Developer Notes

My Development Philosophy

The core principles I believe in and strive to follow whenever I build a product.

A sleek dark book titled 'My Development Philosophy' by Serhii Nadolskyi resting on a concrete desk.

Over the years, I’ve realized one simple thing: technology is constantly changing. New frameworks, libraries, AI tools, page builders, and trendy approaches pop up all the time. What’s considered the industry standard today might end up in the graveyard of tech history in just a few years. But there are principles that remain unchanged, no matter what stack you use to build a product.

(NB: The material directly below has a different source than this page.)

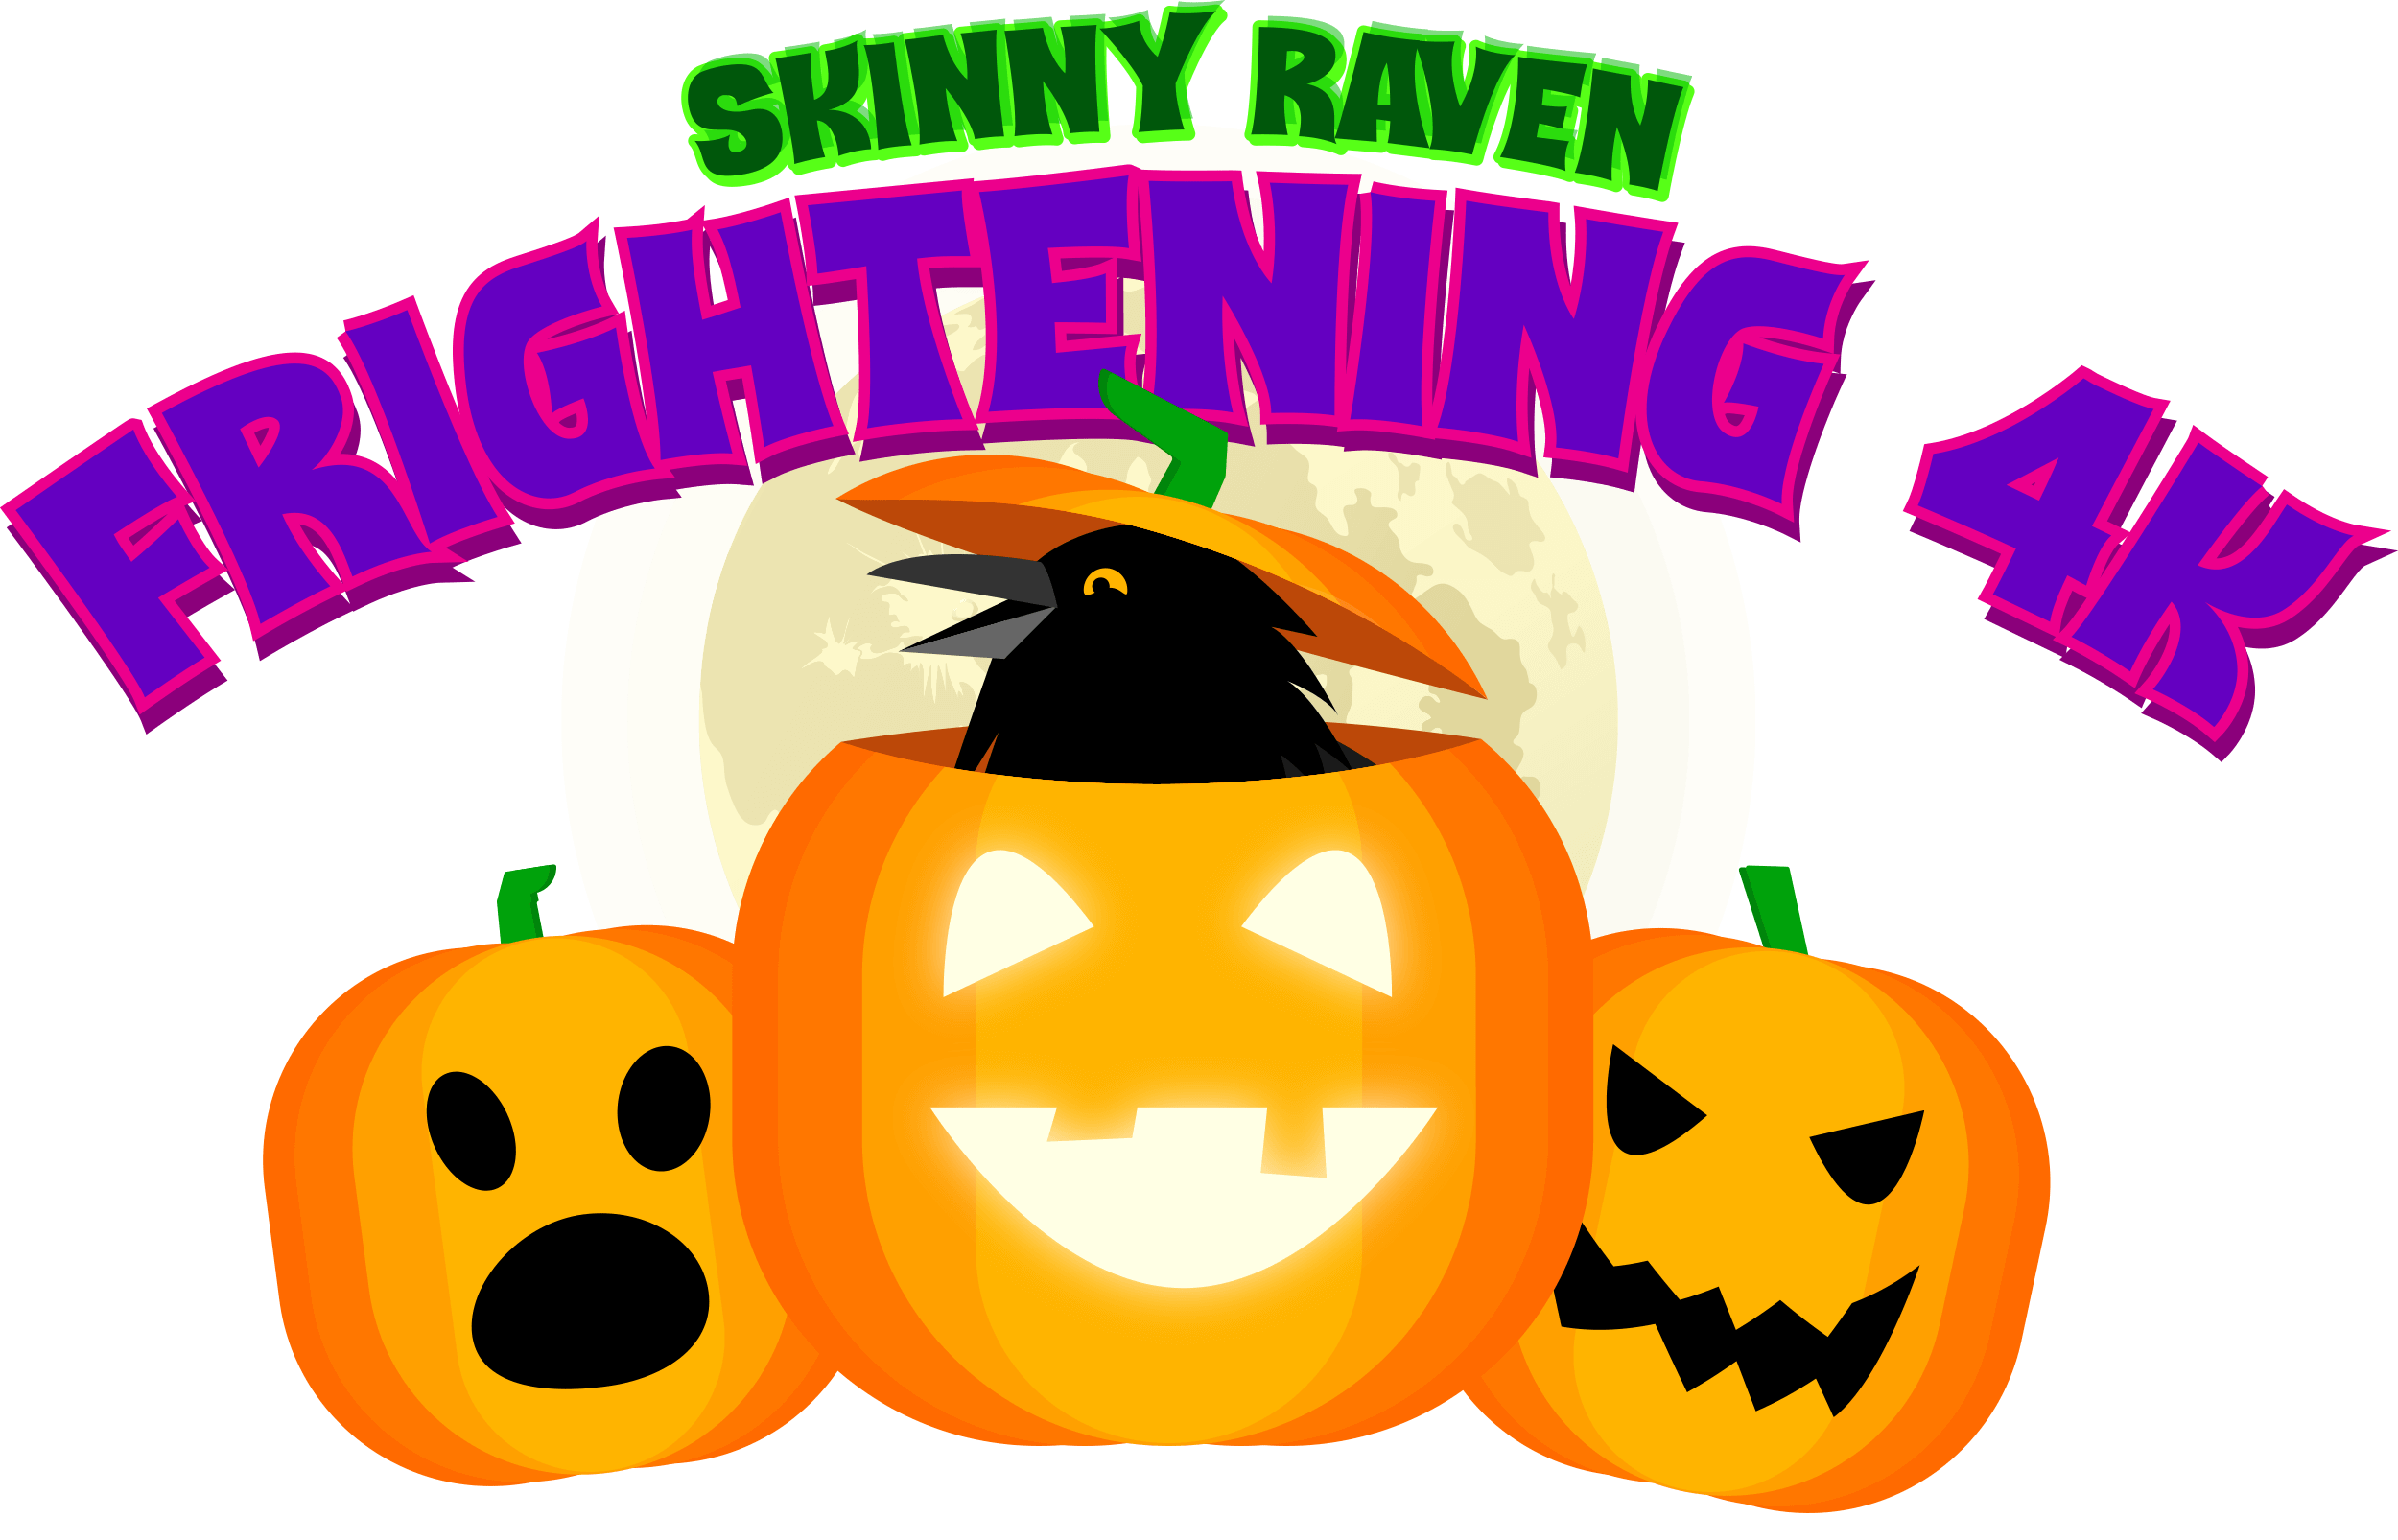 Skinny Raven Frightening 4K logo on RaceRaves
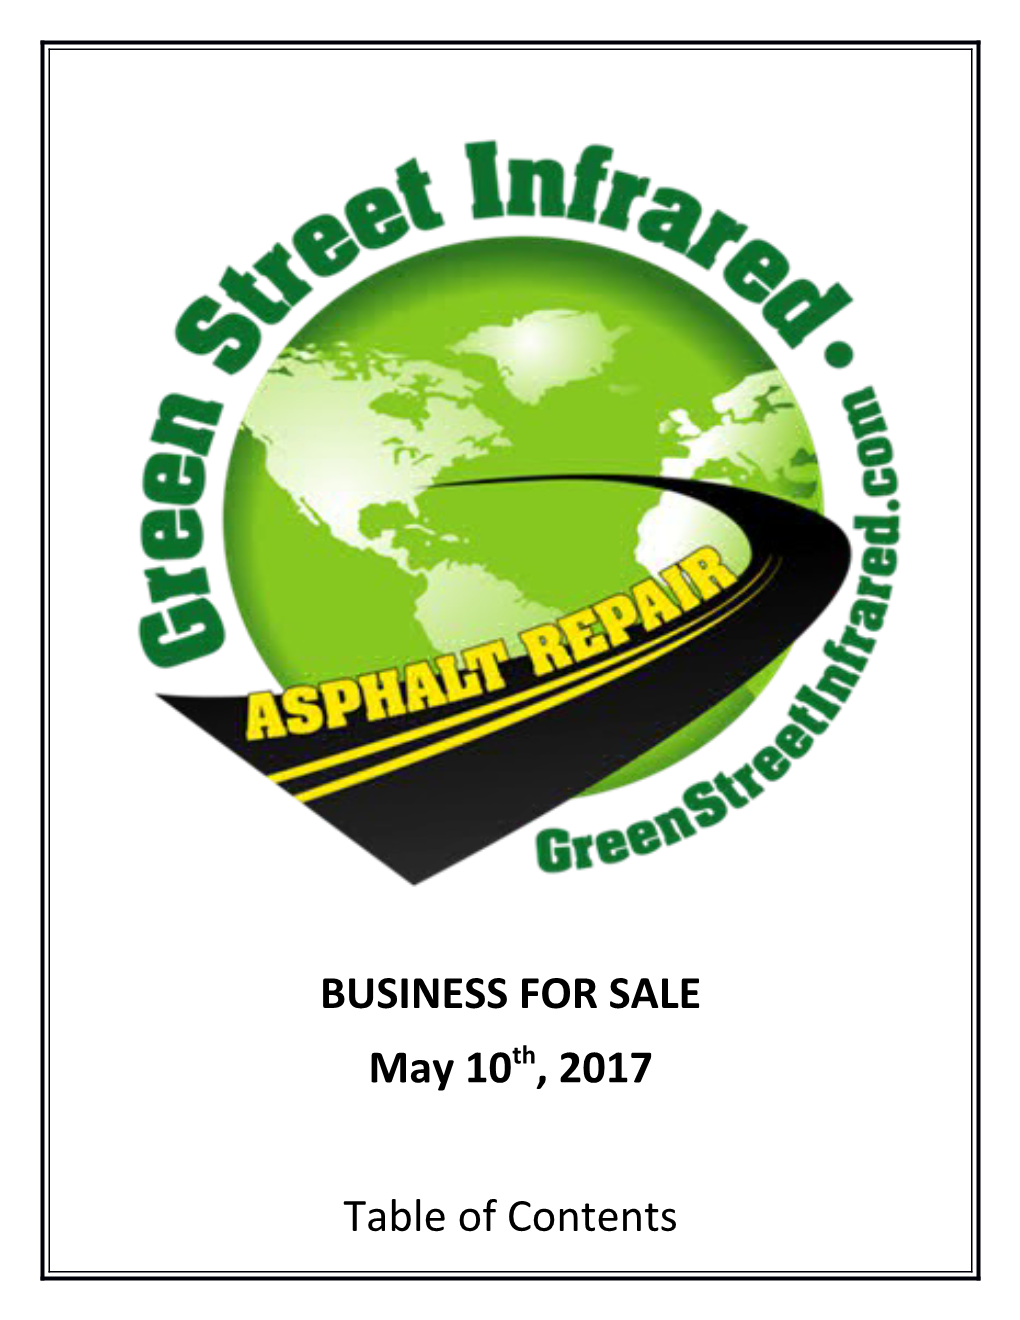 Green Street Infrared, LLC

These principles are exactly what this post is about. This isn’t a rigid checklist or an attempt to lecture anyone on how to do their job. These are the core engineering views and principles I believe in, and the approaches I strive to follow whenever I build a product.

First, Do No Harm

If I had to pick just one principle from which all others grow, this would be it. No matter what changes are made, they must never leave the product in a worse state than it was before.

If a client brings in a legacy website that is poorly built but still functional, the absolute priority is to keep it running, not break it. Every new feature or technical fix must pass a strict test: does it quietly destroy existing functionality?

“Do no harm” is about preventing regressions and taking full accountability. If something goes wrong after a deploy, it’s on the developer to fix it—not to make excuses about sudden platform updates, server versions, or third-party conflicts. True engineering is about safely adding value without destroying what is already working.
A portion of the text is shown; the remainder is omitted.